Their last appearance has them coming to Mayberry to have a fun time with Andy and Barney, much to their chagrin as they want nothing to do with the girls. They try to keep them occupied before leaving to go on dates with Helen and Thelma Lou, but Barney is forced to stay to make sure they don't wreck the courthouse. Thelma Lou and Helen discover the girls in the courthouse and the men in compromising positions, they leave in a huff. Fed up, Andy explodes at them, telling them to get out of town, which the Fun Girls do, much to Skippy's dismay. The men make up with their girlfriends and have a date night at Andy's house, only to discover the Fun Girls there, putting the men back at the bottom of the barrel with their girlfriends.
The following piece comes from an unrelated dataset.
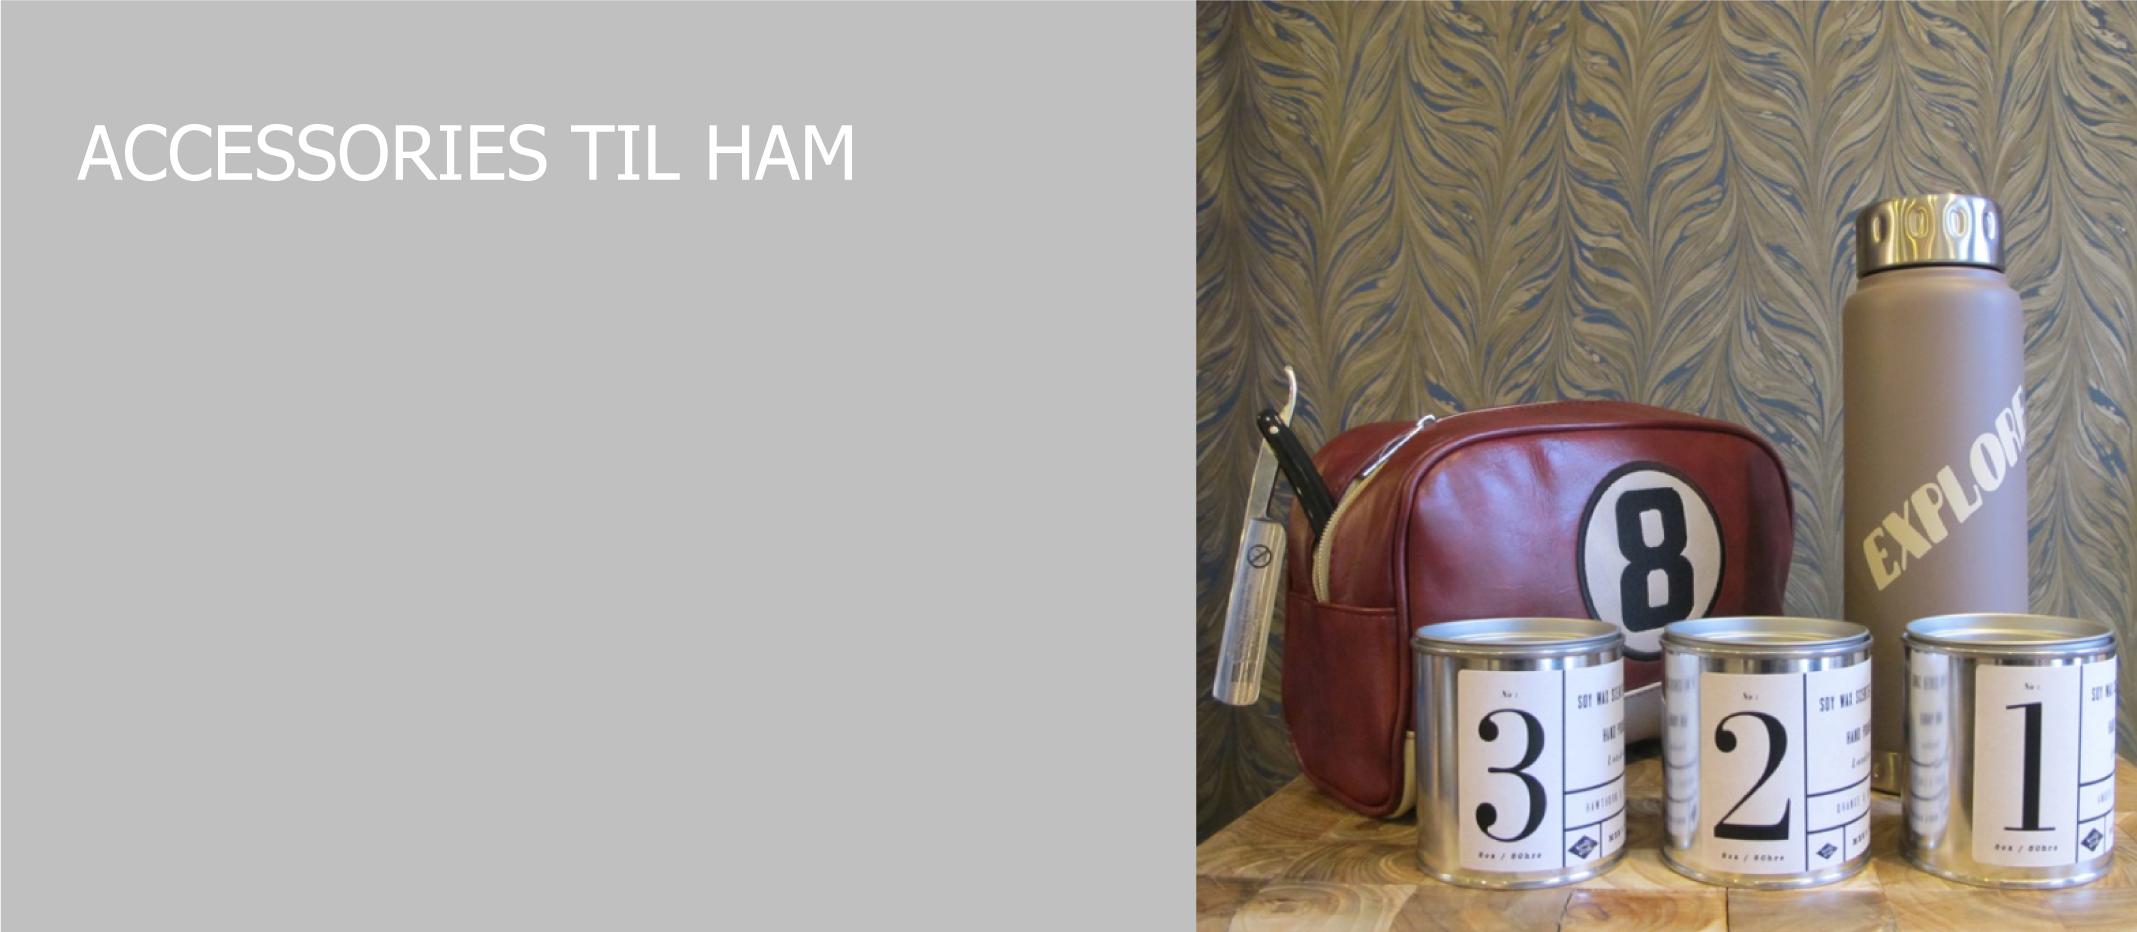 Accessories_til_ham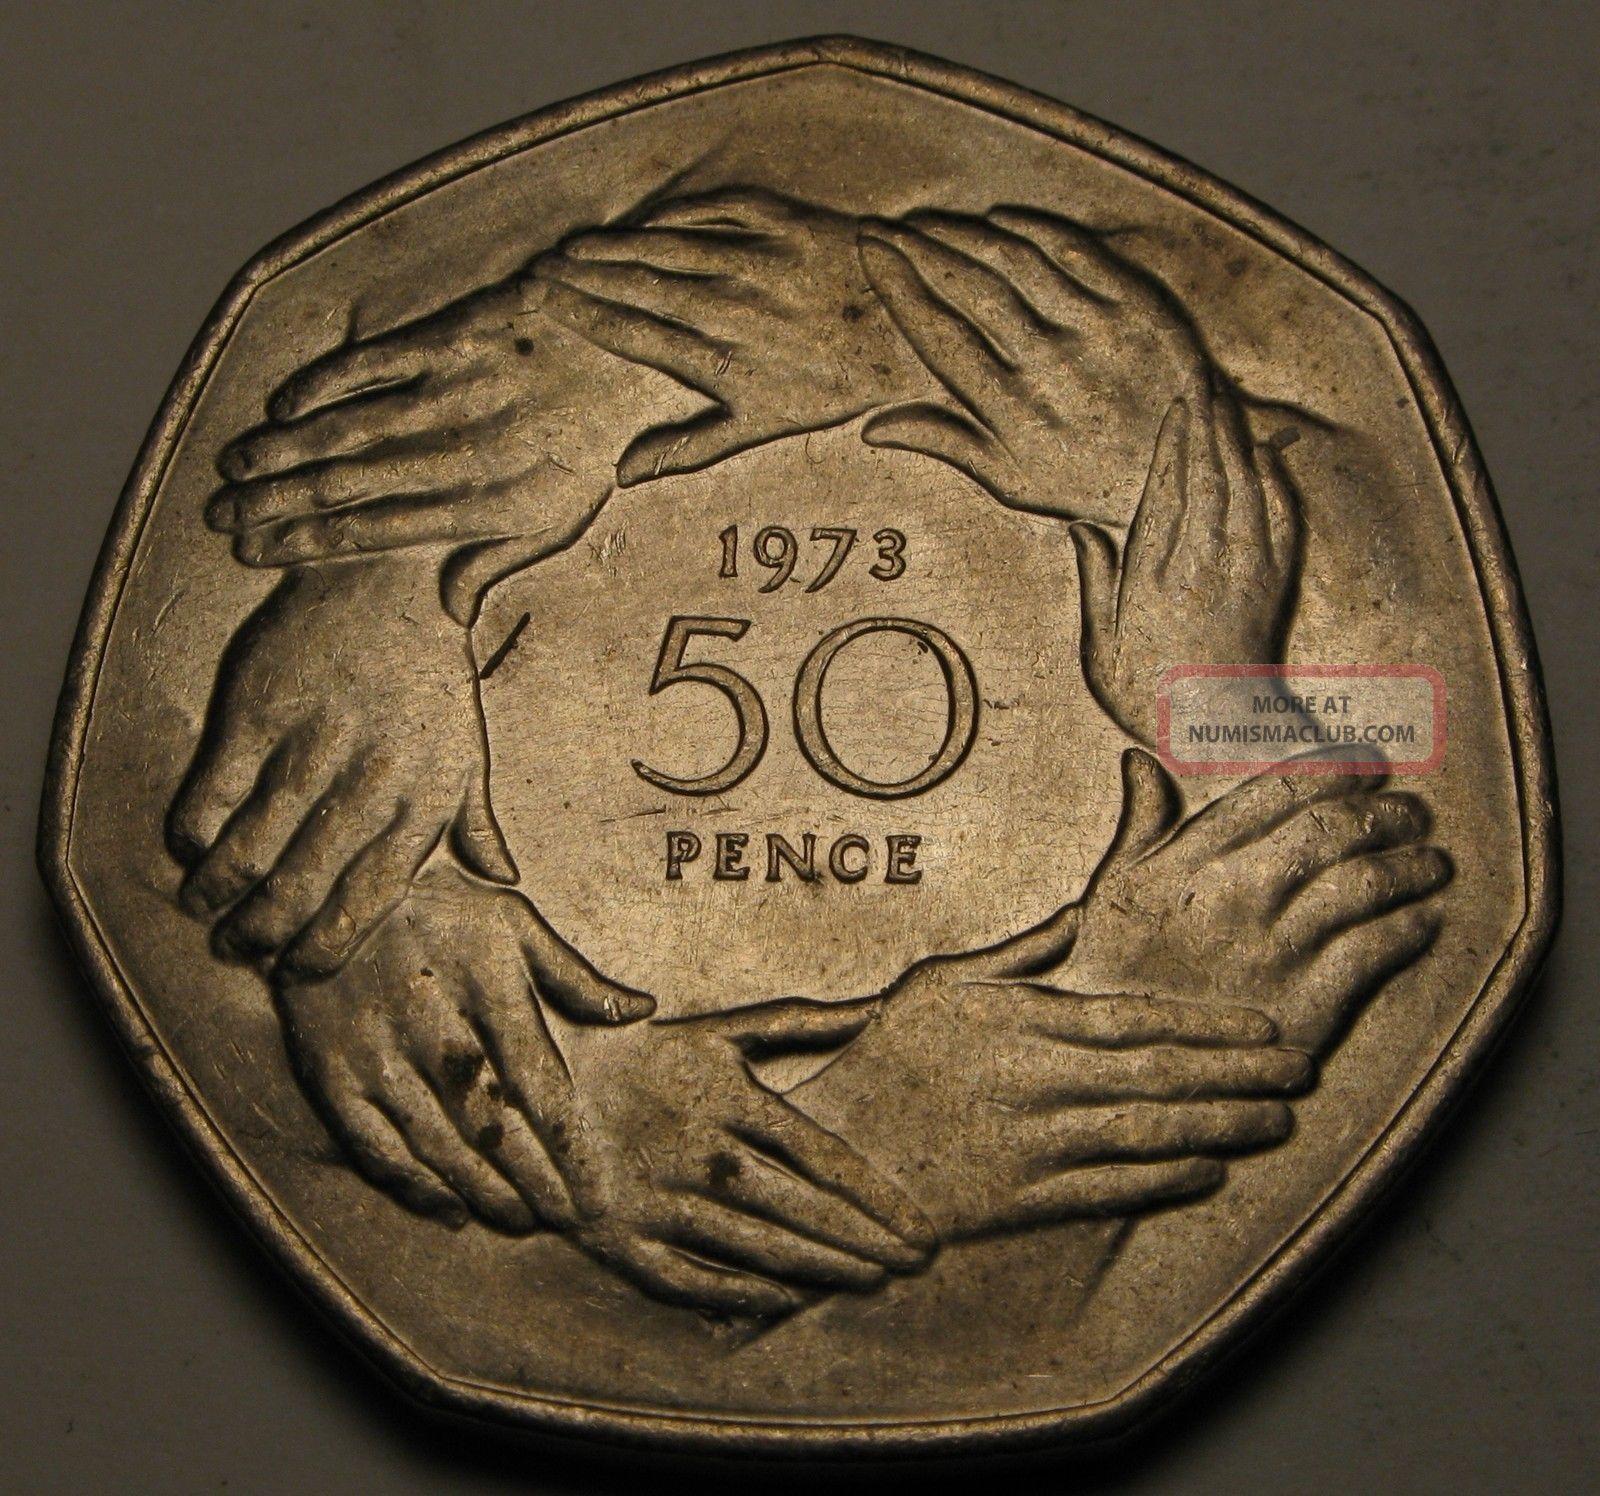 Great Britain 50 Pence 1973 - Copper/nickel - Britain ' S Entry Into E.  E.  C - Vf/xf UK (Great Britain) photo

The Fun Girls made three appearances on The Andy Griffith Show from 1962 to 1965:

| Ep.# | Episode title | Directed by | Written by | Airdate |  |
|---|---|---|---|---|---|
| 68 (Season 3 Episode 6) | "Barney Mends a Broken Heart" | Bob Sweeney | Aaron Ruben | November 5, 1962 |  |
| 123 (Season 4 Episode 27) | "The Fun Girls" | Coby Ruskin | Aaron Ruben | April 13, 1964 |  |
| 155 (Season 5 Episode 28) | "The Arrest of the Fun Girls" | Theodore J. Flicker | Richard M. Powell | April 5, 1965 |  |

Jean Carson also appeared in the episode "Convicts at Large", playing a man-hating, escaped prisoner convicted of spousal abuse.